# MATERIALS PROVIDED:

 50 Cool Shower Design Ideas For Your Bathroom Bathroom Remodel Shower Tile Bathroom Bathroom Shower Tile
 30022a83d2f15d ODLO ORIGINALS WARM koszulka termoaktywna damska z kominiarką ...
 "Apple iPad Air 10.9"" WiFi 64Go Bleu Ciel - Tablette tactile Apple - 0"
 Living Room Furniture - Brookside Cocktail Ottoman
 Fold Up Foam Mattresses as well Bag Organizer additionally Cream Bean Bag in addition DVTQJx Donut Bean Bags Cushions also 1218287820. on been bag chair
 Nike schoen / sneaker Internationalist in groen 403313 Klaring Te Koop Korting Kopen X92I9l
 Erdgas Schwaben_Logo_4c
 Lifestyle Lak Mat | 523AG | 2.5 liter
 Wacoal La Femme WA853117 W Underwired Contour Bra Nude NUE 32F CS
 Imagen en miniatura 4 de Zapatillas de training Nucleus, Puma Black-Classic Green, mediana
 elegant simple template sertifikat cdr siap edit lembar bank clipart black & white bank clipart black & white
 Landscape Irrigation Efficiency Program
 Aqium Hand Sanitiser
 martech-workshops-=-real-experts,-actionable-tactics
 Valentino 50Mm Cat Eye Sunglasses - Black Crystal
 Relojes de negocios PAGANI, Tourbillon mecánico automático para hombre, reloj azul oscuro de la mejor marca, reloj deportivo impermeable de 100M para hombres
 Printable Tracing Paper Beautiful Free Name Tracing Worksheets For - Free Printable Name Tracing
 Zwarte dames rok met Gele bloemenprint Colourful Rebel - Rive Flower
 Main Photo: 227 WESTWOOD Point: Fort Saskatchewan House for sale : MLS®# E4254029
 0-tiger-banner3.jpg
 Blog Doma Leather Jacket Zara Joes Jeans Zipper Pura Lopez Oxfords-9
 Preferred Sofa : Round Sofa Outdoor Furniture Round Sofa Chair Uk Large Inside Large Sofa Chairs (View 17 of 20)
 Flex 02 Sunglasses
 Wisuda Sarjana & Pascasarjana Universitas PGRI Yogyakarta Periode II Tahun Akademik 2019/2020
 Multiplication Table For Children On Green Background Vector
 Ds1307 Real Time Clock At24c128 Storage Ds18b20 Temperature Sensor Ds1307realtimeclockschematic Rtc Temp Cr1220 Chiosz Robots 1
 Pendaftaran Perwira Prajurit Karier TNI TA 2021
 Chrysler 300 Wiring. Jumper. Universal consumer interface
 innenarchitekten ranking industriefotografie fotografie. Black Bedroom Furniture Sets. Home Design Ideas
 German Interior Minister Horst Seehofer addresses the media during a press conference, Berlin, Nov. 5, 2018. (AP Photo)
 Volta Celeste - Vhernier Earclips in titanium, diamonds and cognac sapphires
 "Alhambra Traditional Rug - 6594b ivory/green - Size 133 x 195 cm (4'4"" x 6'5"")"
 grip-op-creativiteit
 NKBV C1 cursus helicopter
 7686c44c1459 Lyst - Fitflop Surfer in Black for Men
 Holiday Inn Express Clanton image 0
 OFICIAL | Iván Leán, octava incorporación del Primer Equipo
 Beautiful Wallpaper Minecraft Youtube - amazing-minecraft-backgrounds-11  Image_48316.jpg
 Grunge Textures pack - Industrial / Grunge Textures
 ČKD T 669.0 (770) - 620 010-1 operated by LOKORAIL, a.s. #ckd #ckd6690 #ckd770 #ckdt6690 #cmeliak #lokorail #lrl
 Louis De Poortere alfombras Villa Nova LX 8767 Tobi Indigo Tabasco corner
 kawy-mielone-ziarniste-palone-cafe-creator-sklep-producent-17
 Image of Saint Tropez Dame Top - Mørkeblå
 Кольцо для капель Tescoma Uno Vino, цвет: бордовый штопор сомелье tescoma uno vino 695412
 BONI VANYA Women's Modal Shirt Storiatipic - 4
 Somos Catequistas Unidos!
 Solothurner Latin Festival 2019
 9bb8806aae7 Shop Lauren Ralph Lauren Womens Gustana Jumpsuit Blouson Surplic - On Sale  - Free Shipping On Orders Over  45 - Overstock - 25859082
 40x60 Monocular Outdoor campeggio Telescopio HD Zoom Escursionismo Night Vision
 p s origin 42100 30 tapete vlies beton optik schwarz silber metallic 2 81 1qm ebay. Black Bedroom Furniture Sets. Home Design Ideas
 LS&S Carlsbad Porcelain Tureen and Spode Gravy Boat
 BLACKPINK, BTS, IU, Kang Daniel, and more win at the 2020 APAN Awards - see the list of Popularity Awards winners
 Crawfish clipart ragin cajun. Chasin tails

# REQUIRED WORK:
Filter the records above for lines with "Beautiful".

# RESULT:
 Printable Tracing Paper Beautiful Free Name Tracing Worksheets For - Free Printable Name Tracing
 Beautiful Wallpaper Minecraft Youtube - amazing-minecraft-backgrounds-11  Image_48316.jpg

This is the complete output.